Les 4C sont le Carat (poids), le Cut (taille/proportions), la Color (de D, incolore, à Z) et la Clarity (pureté, de IF à I). La taille est le critère qui influe le plus sur l’éclat : un diamant bien taillé « vit » davantage qu’un plus gros mal proportionné.

Le poids

Carat : qu’est-ce qu’un carat ?

Le carat mesure le poids, pas la taille : 1 carat = 0,2 gramme, divisé en 100 points (un diamant de 0,25 ct fait « 25 points »). Le prix au carat progresse par paliers : un diamant de 1,00 ct coûte proportionnellement plus qu’un 0,90 ct, car les gros cristaux sont rares. D’où l’astuce des tailleurs, qui conservent un report juste au-dessus du seuil psychologique (0,90 plutôt que 1,00 pour un meilleur rapport).

Le plus décisif

Cut : pourquoi la taille prime

La taille décrit les proportions et la qualité du polissage, pas la forme (rond, princesse, ovale…). C’est elle qui gouverne le retour de lumière : un diamant trop plat « fuit » la lumière par le fond, un trop profond s’assombrit. Les grades vont d’Excellent à Poor. Un grade « Excellent » fait scintiller une pierre plus qu’un demi-grade de couleur supplémentaire — c’est le C sur lequel ne jamais transiger.

La nuance

Color : du plus rare au teinté

La couleur se note de D (parfaitement incolore, le plus rare) à Z (teinté jaune ou brun). À l’œil nu et une fois montée, la différence entre D et G est subtile ; au-delà de J, la teinte devient perceptible.
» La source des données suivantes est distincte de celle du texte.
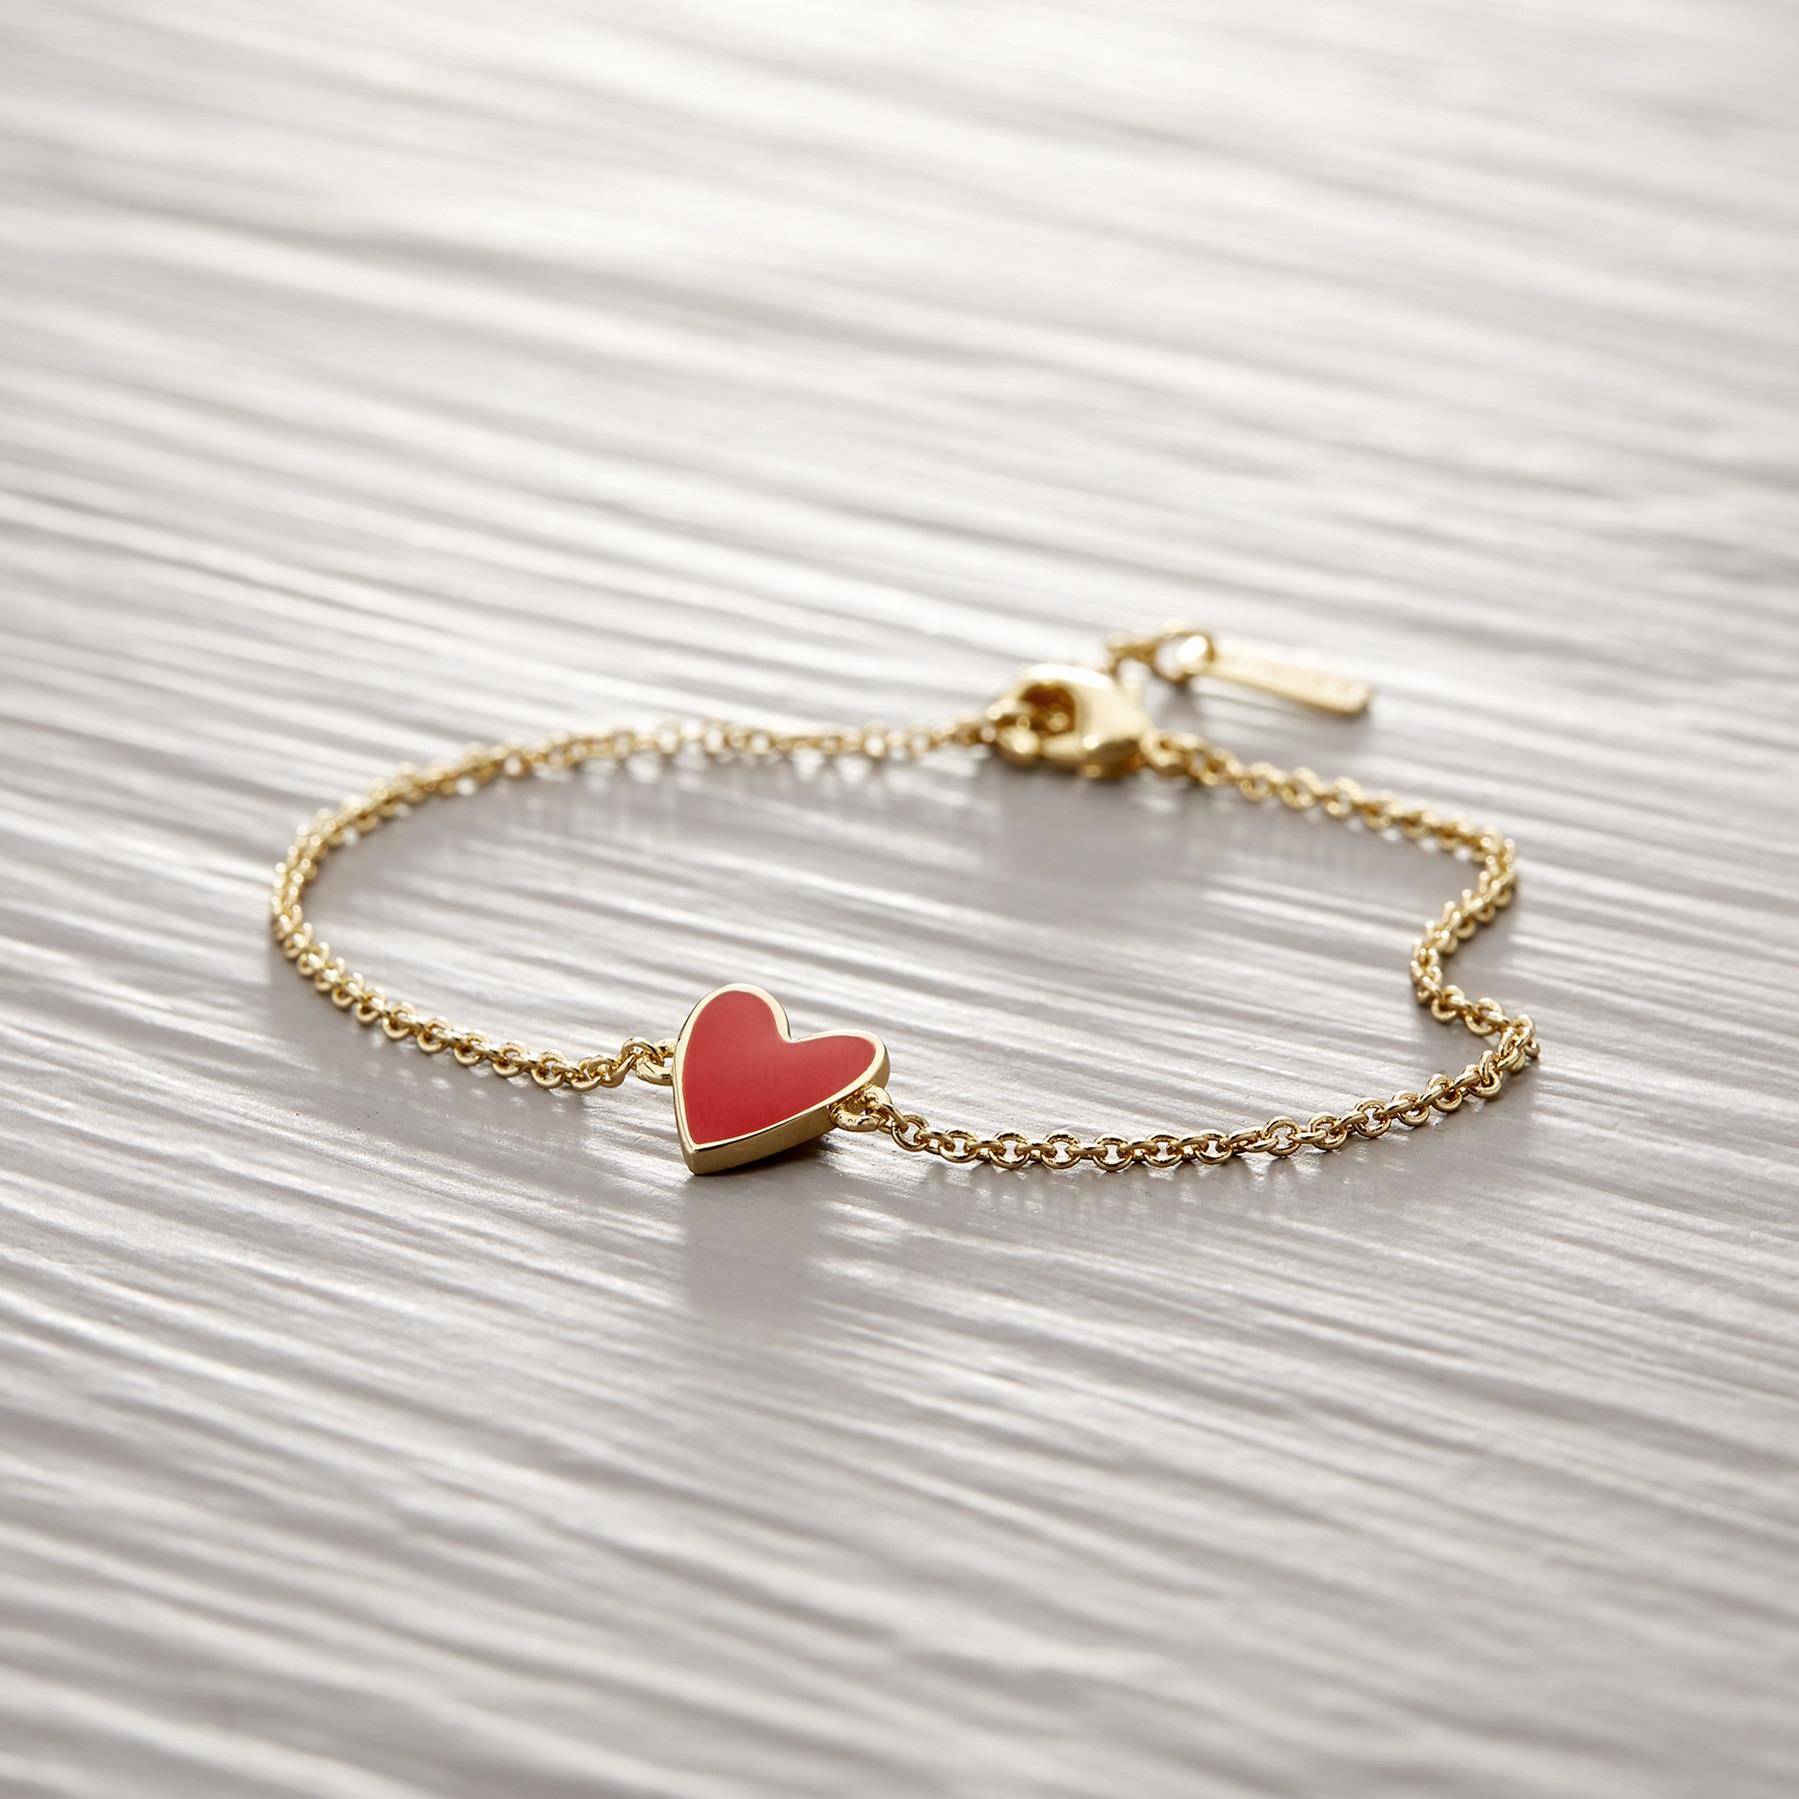 FIRST LOVE. Bracelet with a heart
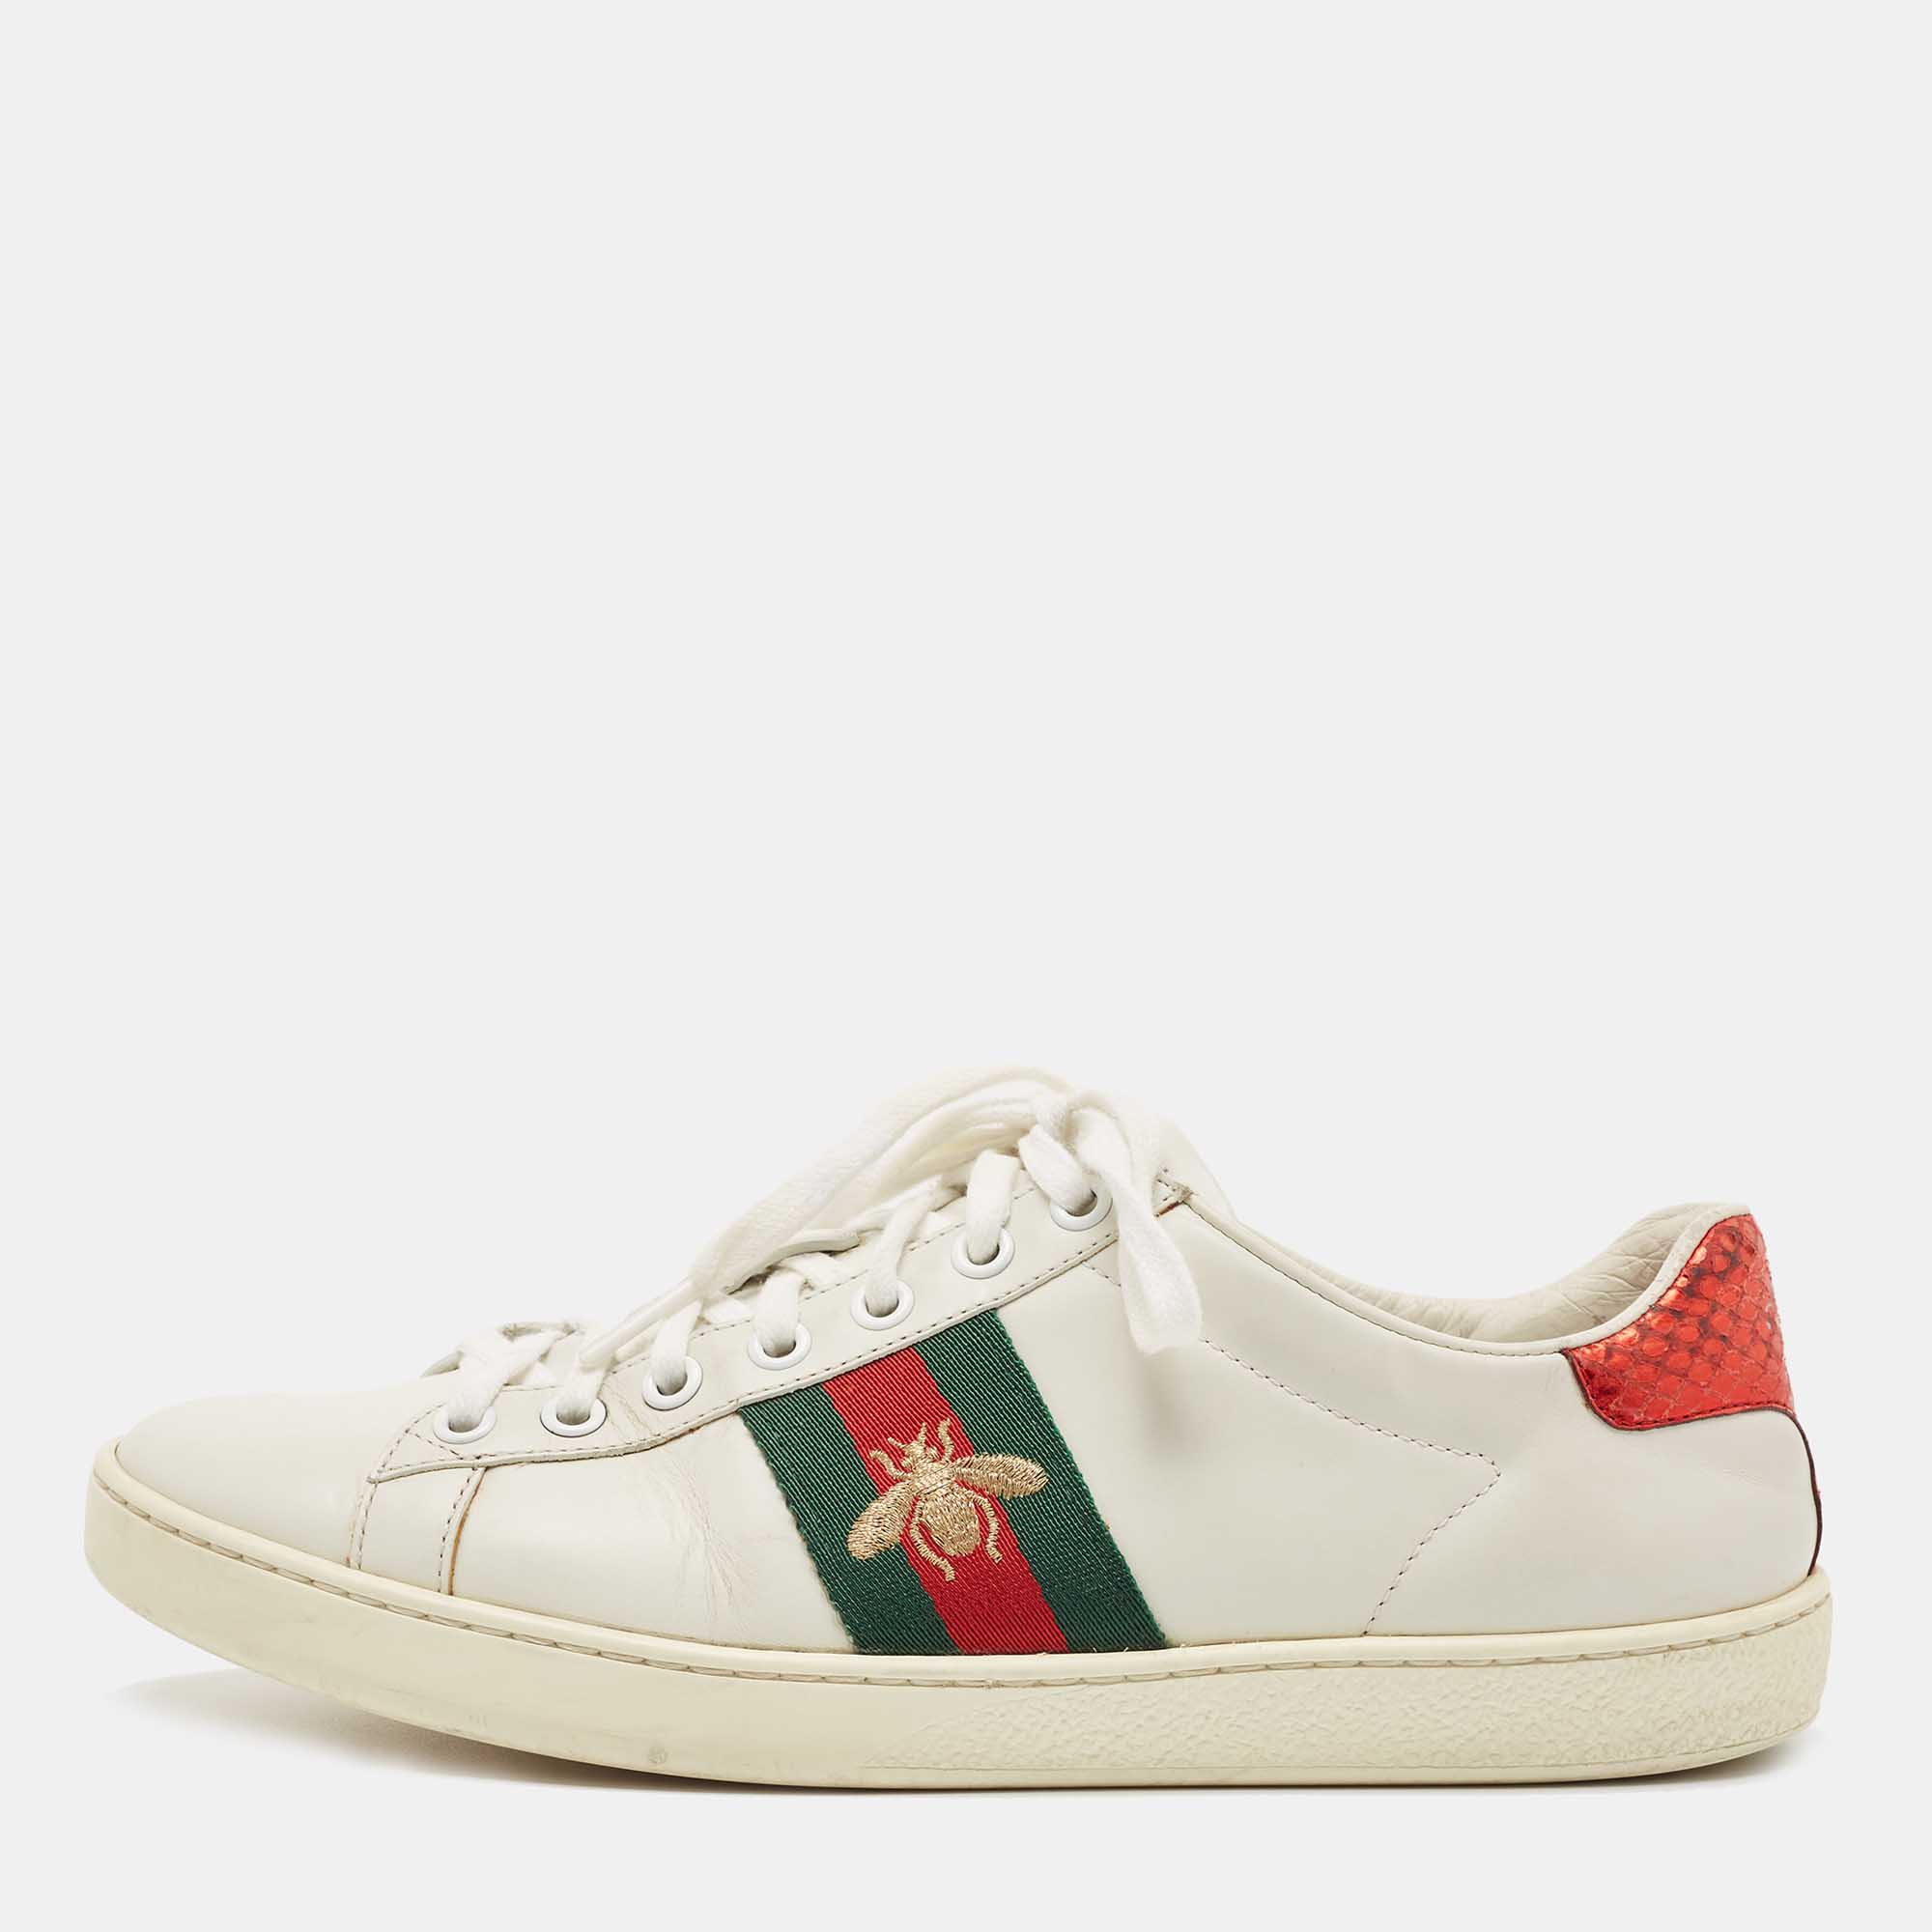 Pre-owned Gucci White Leather Embroidered Bee Ace Sneakers Size 37.5

Le métal de la monture compte : un or jaune « pardonne » une couleur plus basse, tandis qu’un platine met en valeur les pierres les plus blanches.

Repères de couleur — perception courante.
GradeCatégorieÀ l’œil nu
D – FIncoloreBlanc pur, rare
G – JProche incoloreExcellent compromis
K – ZTeintéNuance visible
La pureté

Clarity : lire les inclusions

La pureté classe les inclusions internes, de IF (Internally Flawless) à I (inclusions visibles à l’œil nu), en passant par VVS, VS et SI. Le seuil utile s’appelle « les yeux propres » (eye-clean) : une pierre VS ou SI1 sans inclusion visible à l’œil offre le meilleur rapport qualité-prix, car les défauts ne se voient qu’à la loupe 10×.

Note d’atelierUn certificat de laboratoire (GIA, IGI…) reste la seule garantie objective des 4C. Méfiez-vous d’une « couleur » ou d’une « pureté » annoncées sans certificat indépendant : ce sont des arguments, pas des preuves.
Arbitrer

Comment répartir son budget ?

La règle des ateliers : ne jamais sacrifier la taille, viser une couleur G-H et une pureté VS-SI1 « yeux propres », et ajuster le carat en dernier. On gagne souvent à descendre légèrement sous un palier de poids (0,90 ct) pour financer une meilleure taille — invisible à l’œil, mais décisive pour l’éclat.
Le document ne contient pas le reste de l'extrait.